Hi All,
My data set has following fields
Customer_ID(Primary key) MCG_1 MCG_2 MCG_3 MCG_4 MCG_5
The 5 attributes MCG_1 to MCG_5 are row wise ranks based on customer spends in 5 merchant category groups(Shopping/Restaurants etc) also
containing ties and blanks.
Sample dataset:
Cust_ID,MCG_1,MCG_2,MCG_3,MCG_4,MCG_5,
3589,2,5,1,3,4,
1366,1.5,1.5,4,3,5,
6144,,1,2,4,3
I need to create 5 variables in the dataset which will give me variable names based on their ranks;and both the variable names in case of ties(eg 2nd record below)

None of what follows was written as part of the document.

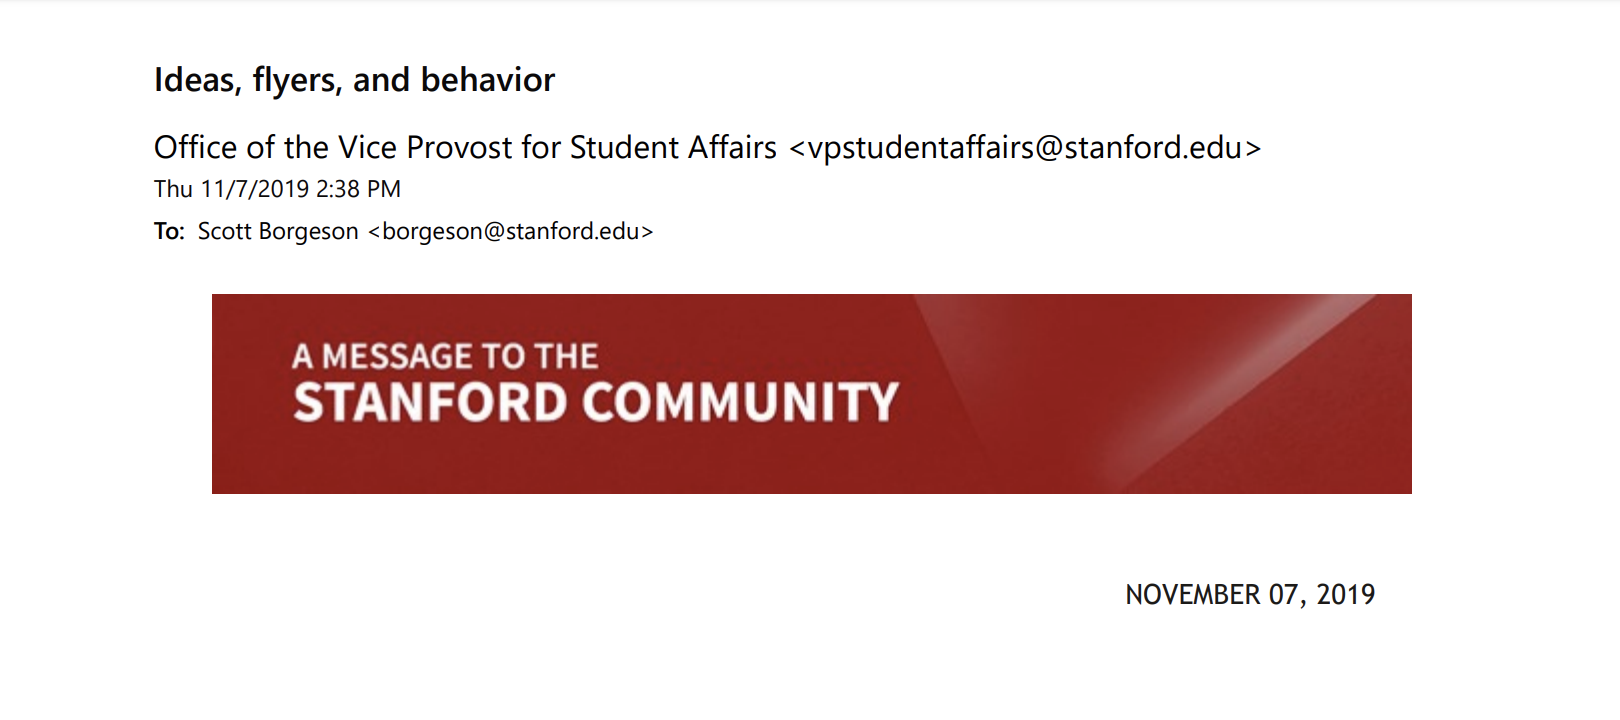 “Respected and Safe”: An Open Letter to Provost Drell - Stanford Review

How can I do it in Base SAS ?
Intended outcome:
Cust_ID | Rank1 | Rank2 | Rank3 | Rank4 | Rank5 |
3589 | MCG_3 | MCG_1 | MCG_4 | MCG_5 | MCG_2 |
1366 | MCG_1/MCG_2 | MCG_4 | MCG_3 | MCG_5 | |
6144 | MCG_2 | MCG_3 | MCG_5 | MCG_4 |
Thanks,
Shalini
I think that the following will do what you want:
data want (drop=MCG_1-MCG_5);
set have;
array _r(*) MCG_1-MCG_5;
array rank(5) $11.;
call missing (of rank(*));
do _n_=1 to dim(_r);
if not missing(_r(_n_)) then do;
if int(_r(_n_)) eq _r(_n_) then rank(_r(_n_))=vname(_r(_n_));
else if missing(rank(int(_r(_n_)))) then rank(int(_r(_n_)))=
vname(_r(int(_r(_n_))));
else rank(int(_r(_n_)))=catx('/',rank(int(_r(_n_))),
vname(_r(_n_)));
end;
end;
run;
Thanks a lot Arthur for your help..
When I increased the attributes from 5 to 11, the code provides incorrect output in case of ties.
For eg:
Cust_ID,MCG_1,MCG_2,MCG_3,MCG_4,MCG_5,MCG_6,MCG_7,MCG_8,MCG_9,MCG_10,MCG_11,
3478,2.5,2.5,2.5,9.5,9.5,8,,2.5,5.5,7,5.5
the code gives below output:
Rank1-(blank), Rank2- MCG_2/MCG_2/MCG_3/MCG_8
Rank3-(blank), Rank4- (blank),
Rank5 - MCG_5/MCG_11, Rank6 - (blank),
Rank7 - MCG_10, Rank8 - MCG_6,
Rank9 -MCG_9/MCG_5 , Rank10 - (blank), Rank11 - (blank)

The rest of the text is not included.